Se fino a ieri le idee sembravano chiare è bastata una seconda giornata sullo stesso circuito e con la medesima configurazione per ritornare sui propri passi, sui mille dubbi che vanno avanti da inizio stagione. Il nuovo motore piace a Maverick Vinales e Valentino Rossi, ma non sembra essere la chiave di svolta. “Maverick e Rossi hanno le stesse sensazioni ed è chiaro che questo è importante per gli ingegneri perché possiamo sviluppare le stesse cose seguendo la stessa direzione”, ha aggiunto Maio Meregalli.

I dubbi di Vinales

Per vederci più chiaro piloti e tecnici Yamaha aspettano il prossimo test di Sepang.

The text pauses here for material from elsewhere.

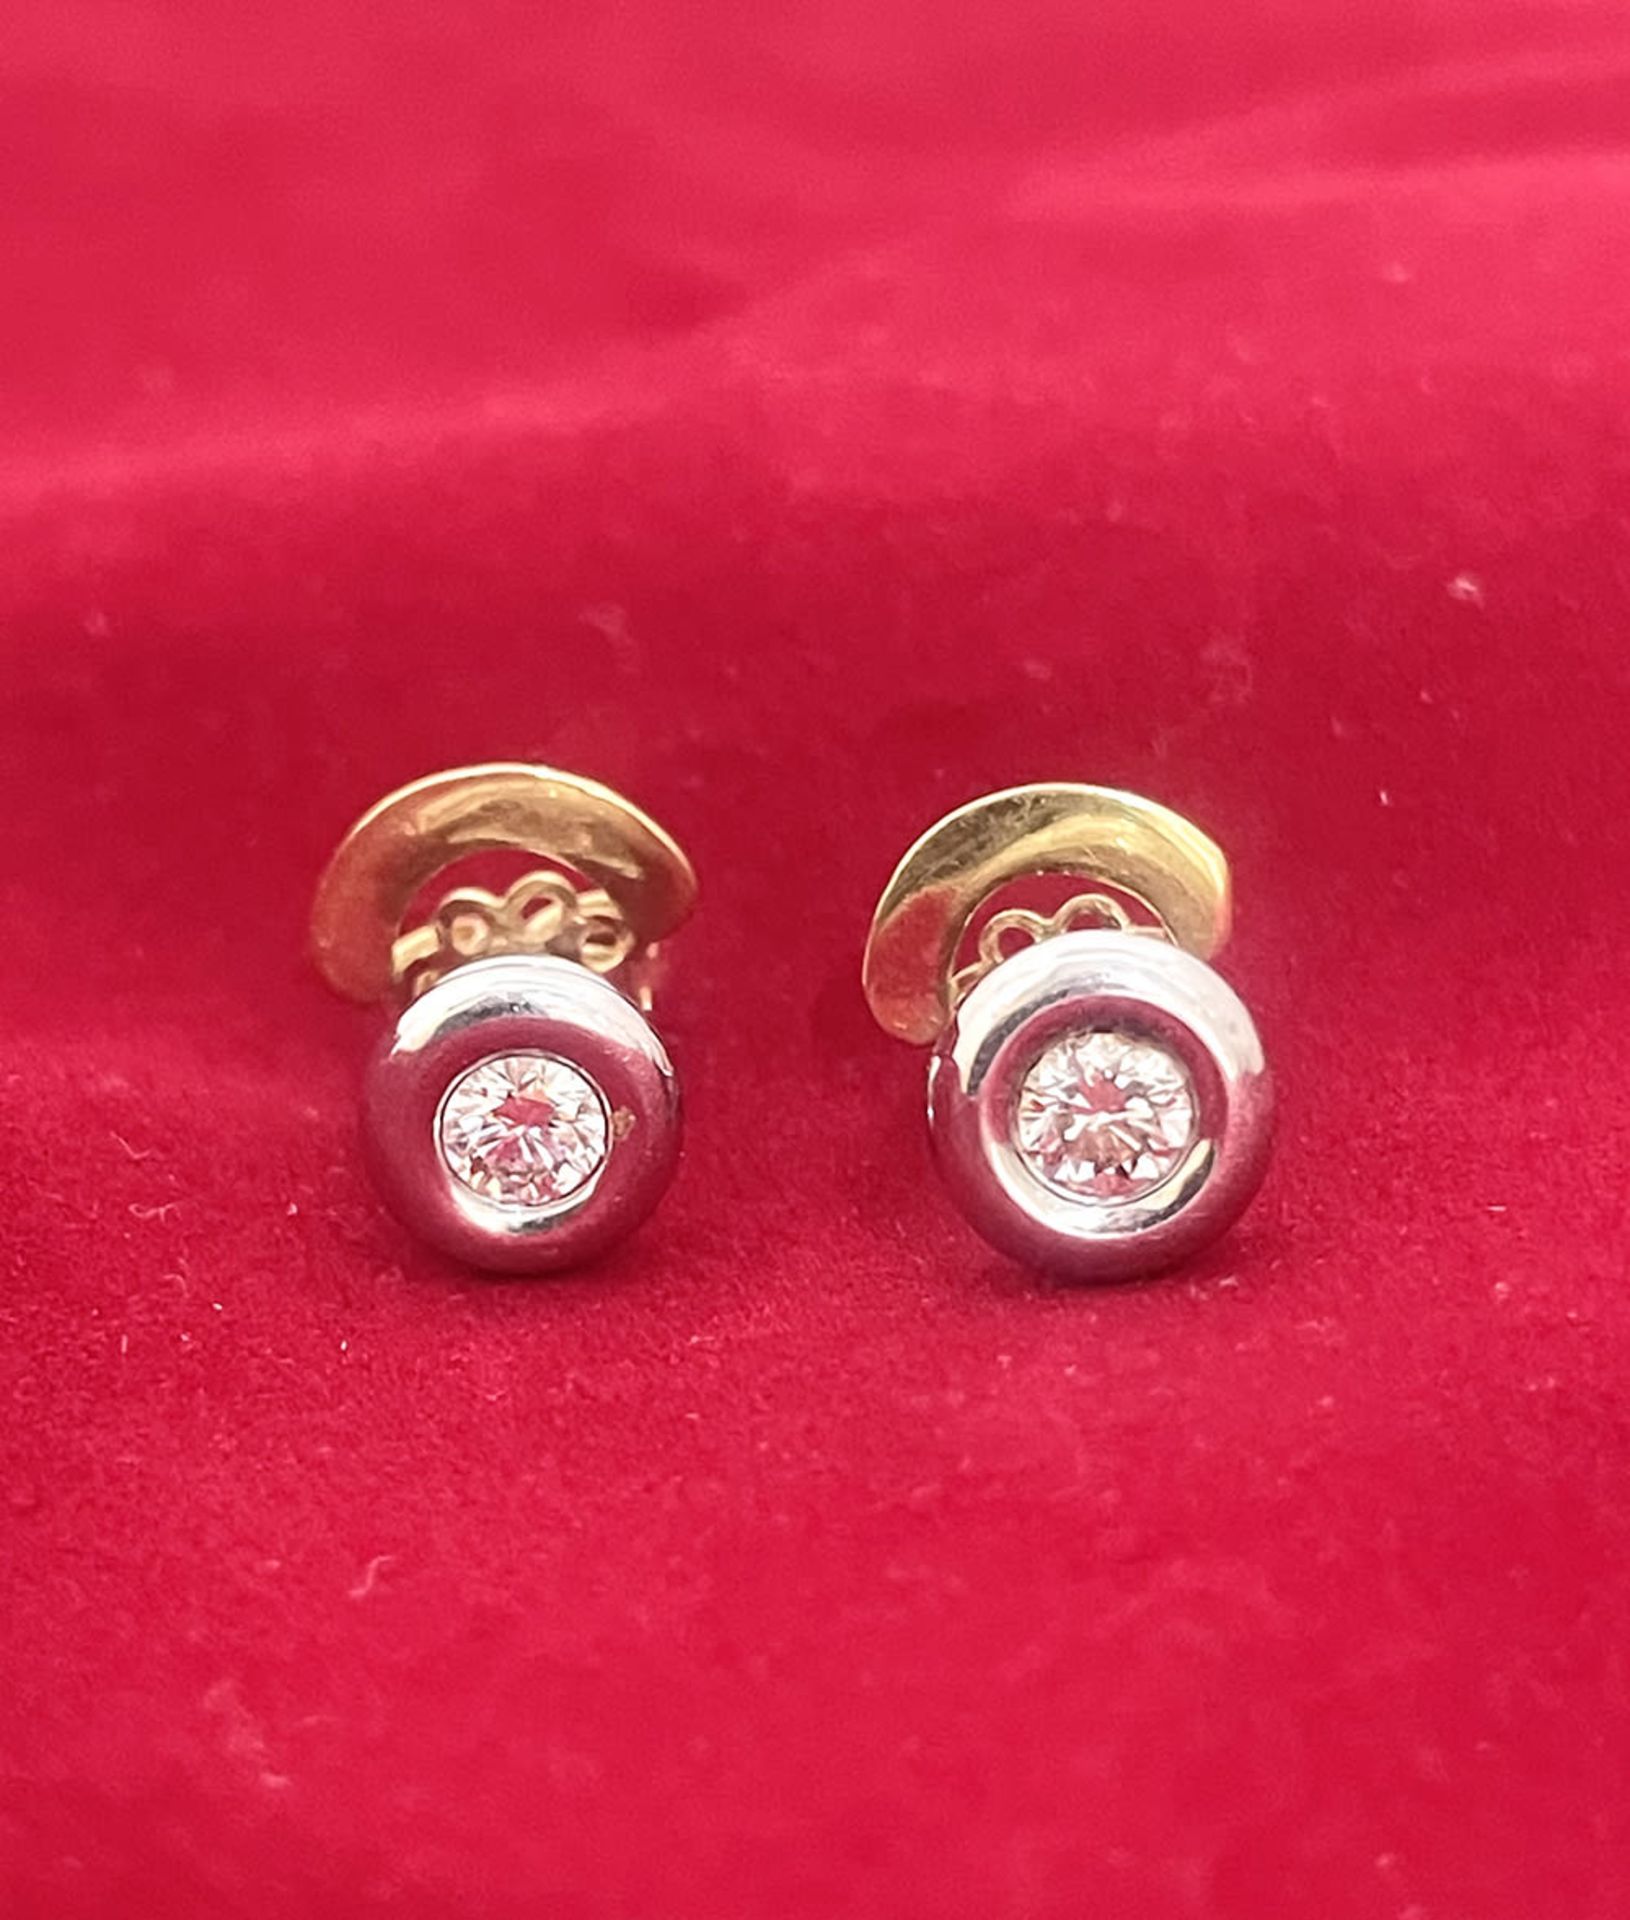 18 kt white gold and diamond stud earrings.

Per scegliere la base da sviluppare servono ulteriori dati e magari una giornata di pioggia. Perchè è sul bagnato che la YZR-M1 ha dato più problemi nel corso della stagione 2017. “Dopo tre o quattro giorni buoni, possiamo prendere decisioni. La mia sensazione è simile a quella di Valentino. Sarebbe difficile andare in direzioni diverse”, ha commentato Maverick Vinales dopo il day-2 di Valencia.

“Oggi abbiamo perso 0,3 o 0,4 secondi sul giro, nonostante fosse la stessa macchina di martedì”, ha aggiunto lo spagnolo. “Non lo capiamo ancora. Per prendere una decisione sul telaio dobbiamo essere veramente sicuri. La trazione e l’accelerazione sono migliori con la moto del 2017. La 2016 mi dà una sensazione migliore sull’anteriore. Anche la velocità in curva è migliore. Ora dobbiamo decidere se vogliamo andare nella direzione 2016 e lavorare sull’accelerazione o sulla moto del 2017 per migliorare la sensazione della ruota anteriore. Dobbiamo scoprire in che modo è più facile essere in forma”.